There are also links between working hours and environmental impact at the household level. Households have both income and time budgets and they take both into account when making decisions. Households with less time and more money will choose time-saving activities and products, such as faster transportation. This is what we call the compositional effect. It seems to be the case that low impact activities are typically more time consuming, although there is relatively little research on this question. (Jalas, 2002,2005; Nassen and Larsson 2010) However, transport is a clear case in which speed is associated with higher energy costs. Food preparation is likely another (Jalas 2002).

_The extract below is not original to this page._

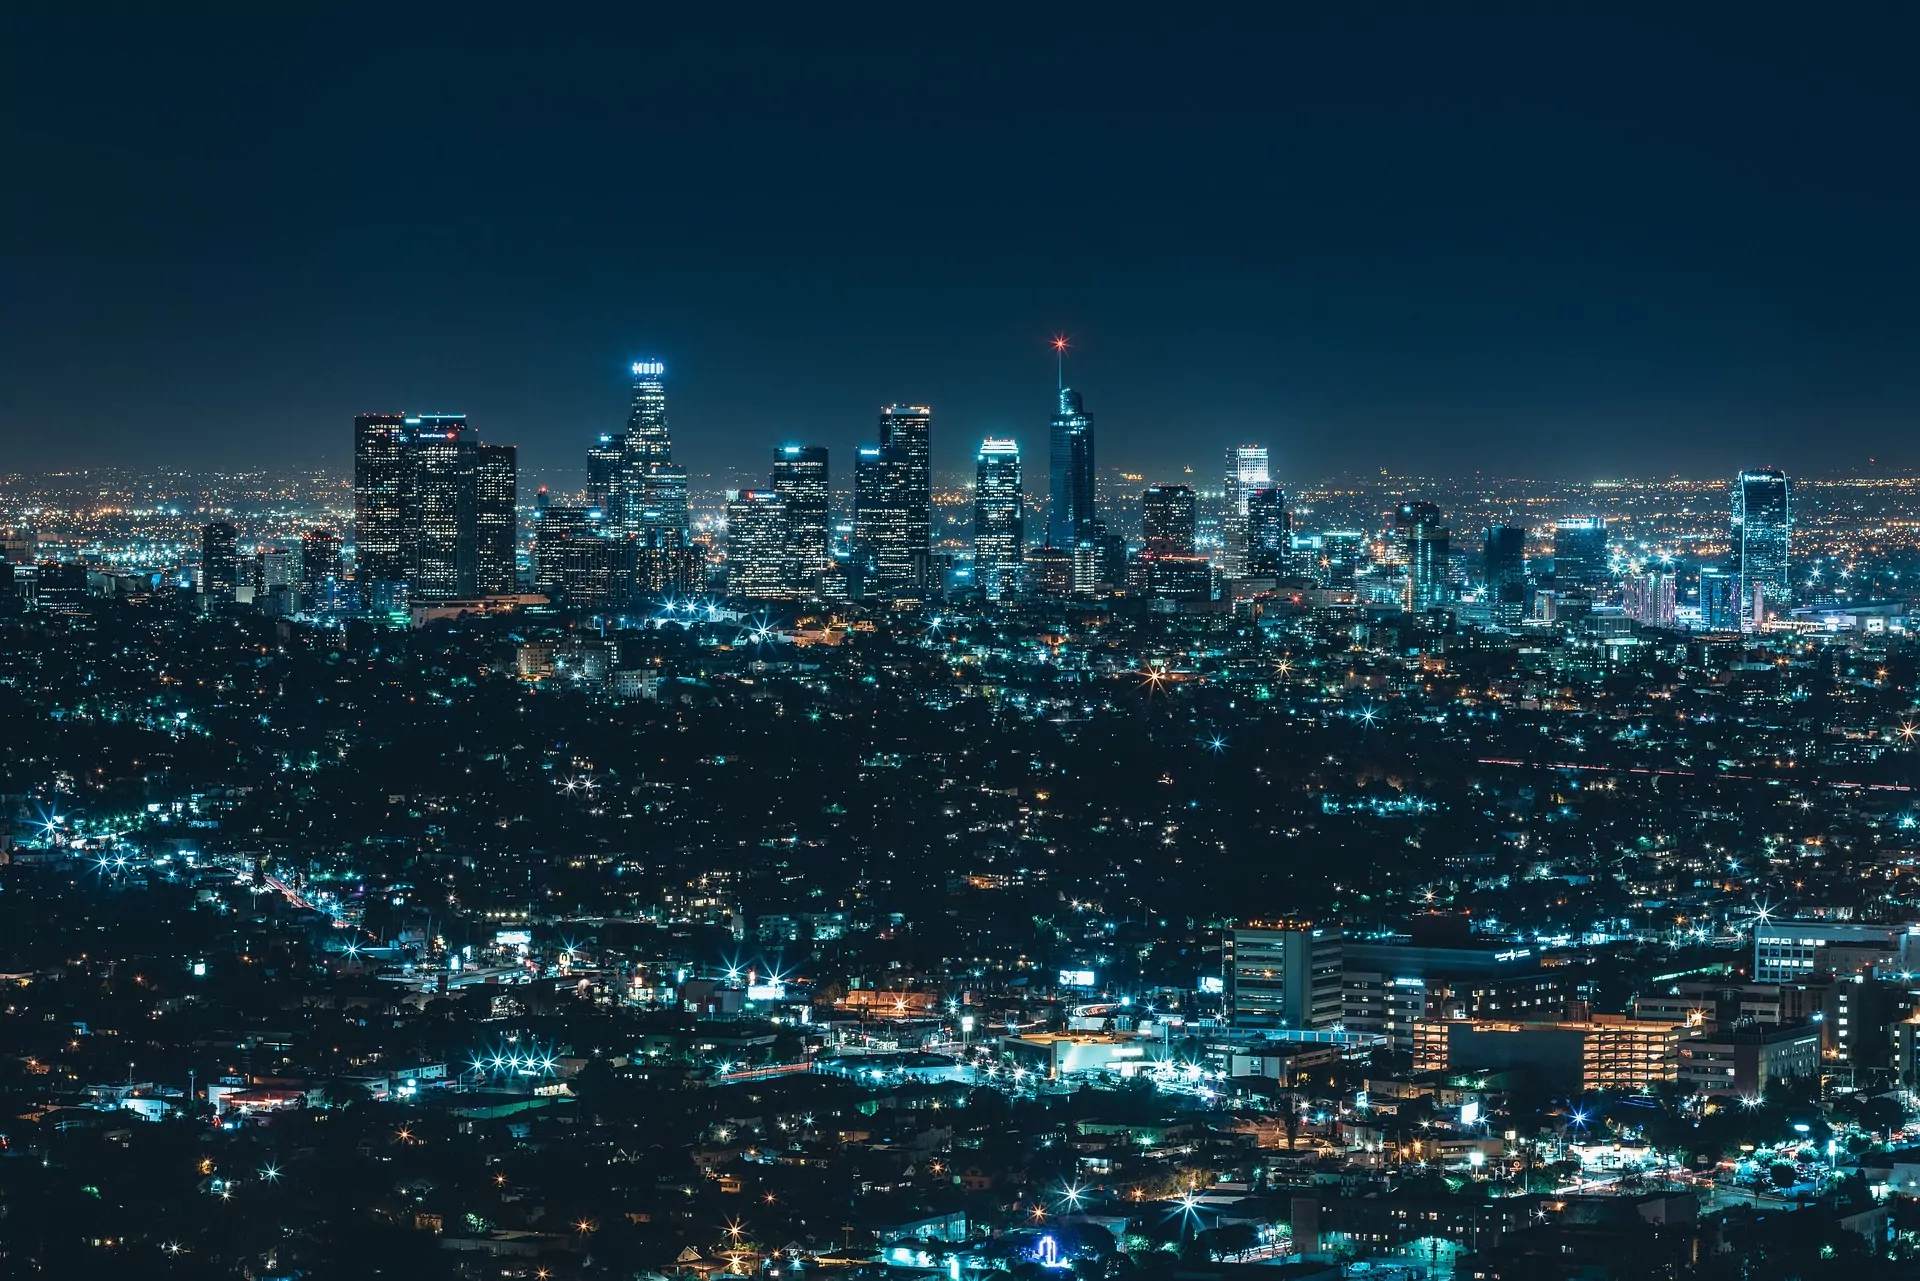 An image of a city skyline at night. Clusters of high-rise buildings dominate this landscape and blue hued lights give this image a striking appearance. BBC's Panorama: 15 minute city.

In most de-growth scenarios, shorter worktime functions as a compensation for slower growth in consumption, which adds another potential linkage between hours and environmental impact. (Jackson 2009; Coote 2009; Schor 1998, 2010). This connection between time use and happiness is supported by a growing literature. Studies of European countries find that longer working hours are associated with lower happiness (Alesina, Glaeser, and Sacerdote 2005; Pouwels, Siegers and Vlasblom 2008). In the U.S., Tim Kasser and his co-authors have found that, even controlling for income, well-being is positively related to “time affluence” and working hours are negatively related to happiness. (Kasser and Sheldon 2009; Kasser and Brown 2003.) Furthermore, the extra happiness accruing from free time is not positional, like income, so that its benefits are durable. (Solnick and Hemenway 1998; Frank 1985). This suggests a second potential household level effect in which time affluence reduces consumption desire and environmental impact. If people who have more time are happier, this may reduce their spending, along the lines discussed in Kasser and Brown 2003.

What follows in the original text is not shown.